Il n'avait pas achevé, que, par la route goémonneuse qui mène de la mer aux maisons de Buguélès, apparaissait Môna Paranthoën, la couturière. Du moins, les ménagères la reconnurent à sa robe de double-chaîne et à l'élégance fraîche de son tablier. Car de son visage on ne voyait rien, tellement il était entortillé de linges et de châles. Sur son corps si souple, elle avait l'air de porter une tête monstrueuse. Elle avançait lentement, exhalant une plainte sourde à chaque pas qu'elle faisait.

Lorsqu'elle fut arrivée au groupe, elle pria, du geste, qu'on la laissât passer.

Entre le pouce et l'index, elle tenait une grosse bague d'or... Vous devinez le reste!...

Les hommes voulurent faire un mauvais parti à Môn Paranthoën. Mais elle écarta les linges qui couvraient sa figure et leur montra sa bouche vide de dents, pleine de pus. On se contenta de la fuir, comme une pestiférée.
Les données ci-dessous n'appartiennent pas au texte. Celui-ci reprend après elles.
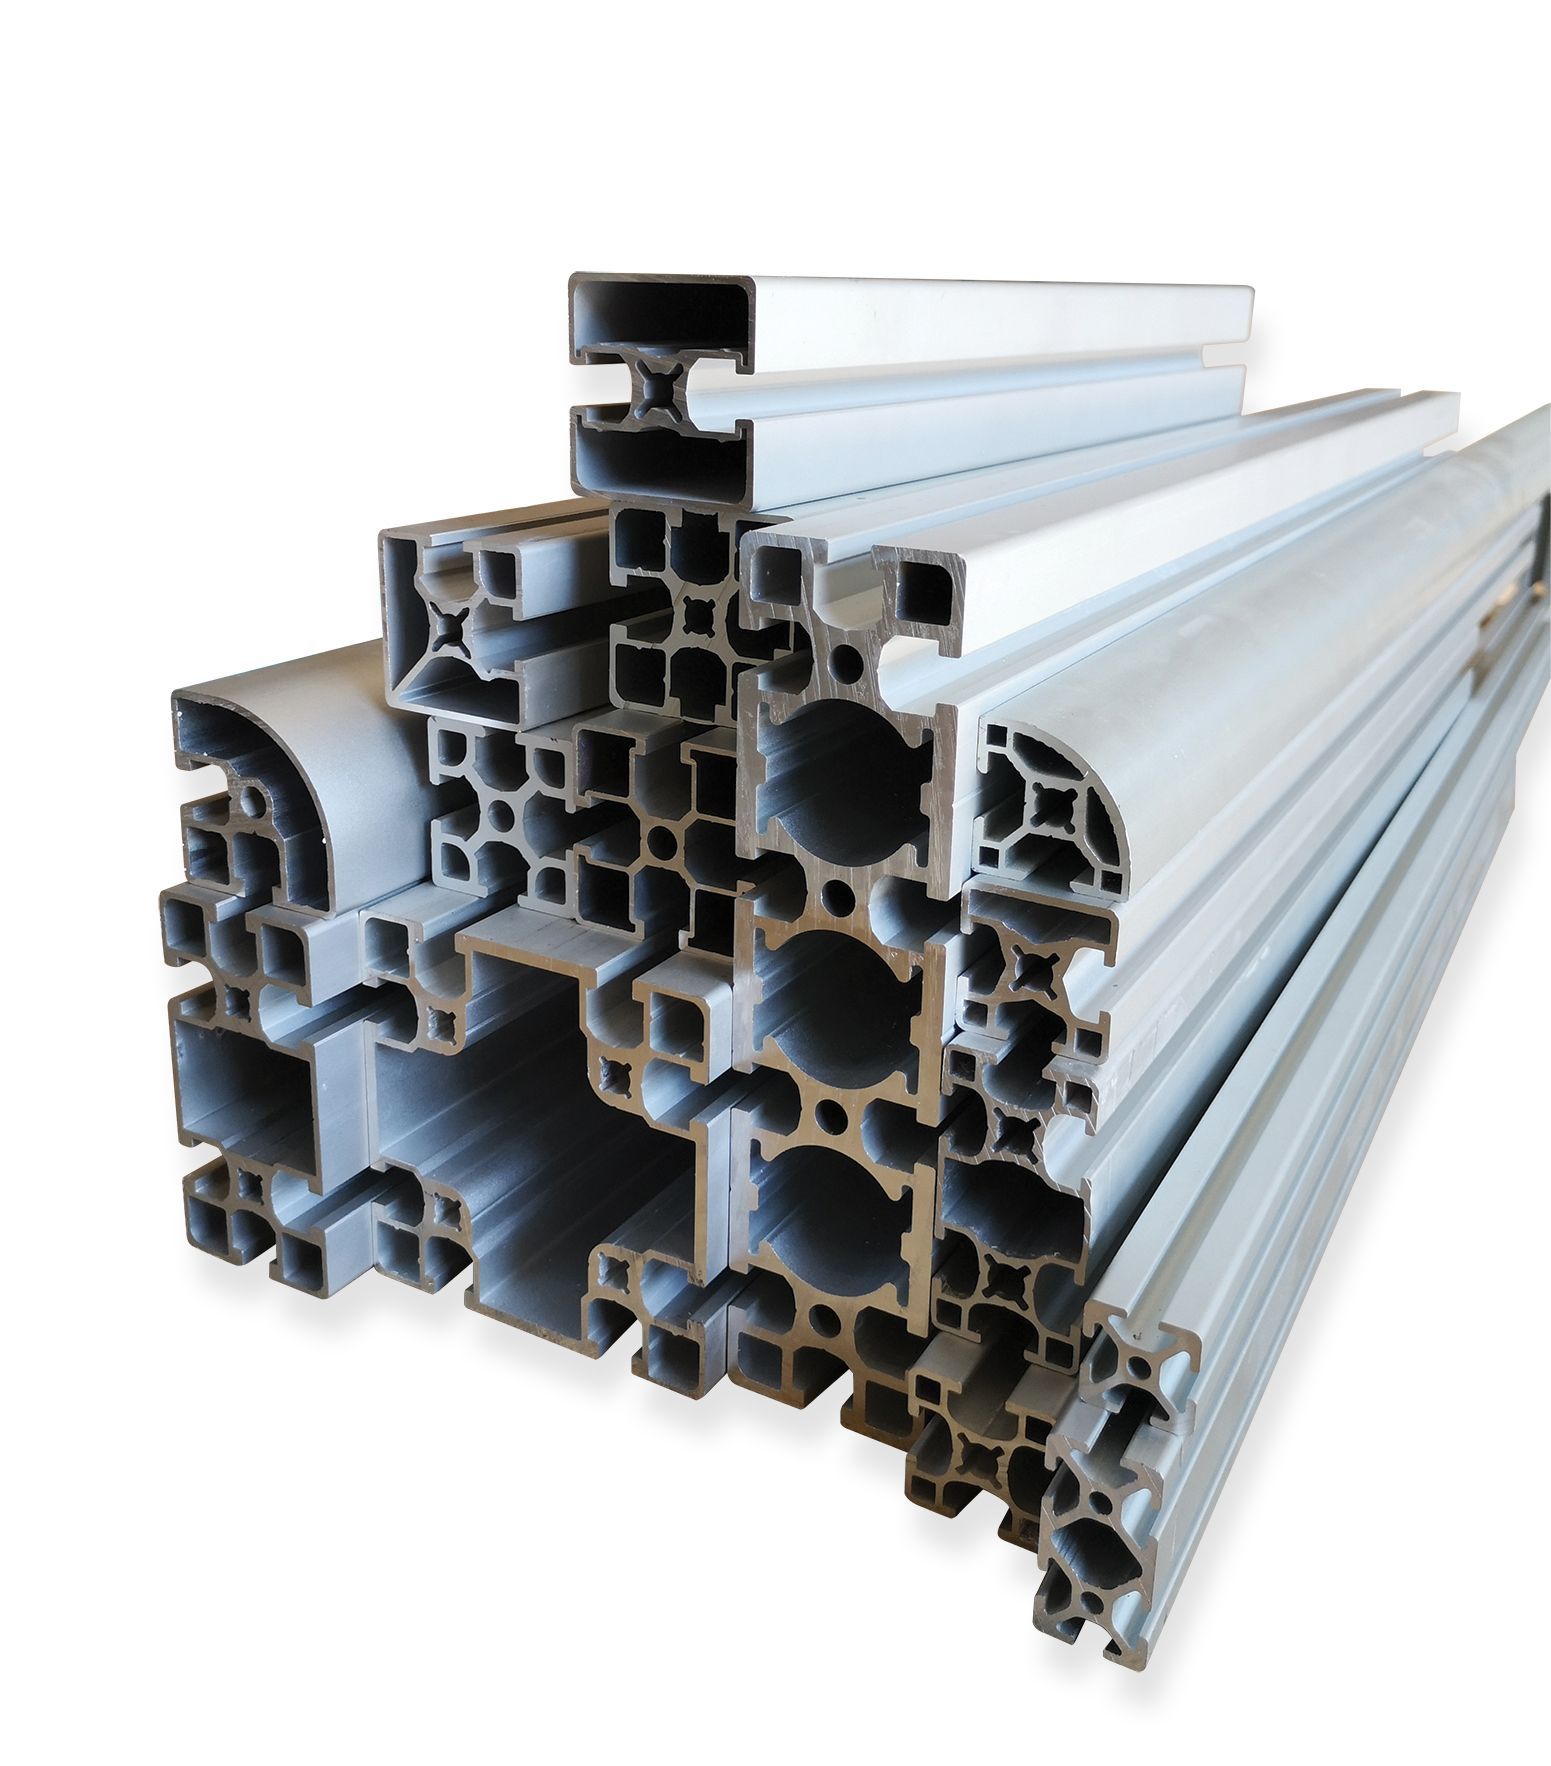 Tuyau de tube profilé en aluminium extrudé avec prix du fabricant

Je l'ai rencontrée plus d'une fois, vaguant par les chemins, la tête toujours enveloppée de haillons. Elle ne pouvait plus parler, mais elle geignait lugubrement.

Quant au capitaine étranger, depuis lors il repose en paix, sa belle alliance d'or au doigt, et rêvant, j'imagine, de la « douce » qui la lui avait donnée.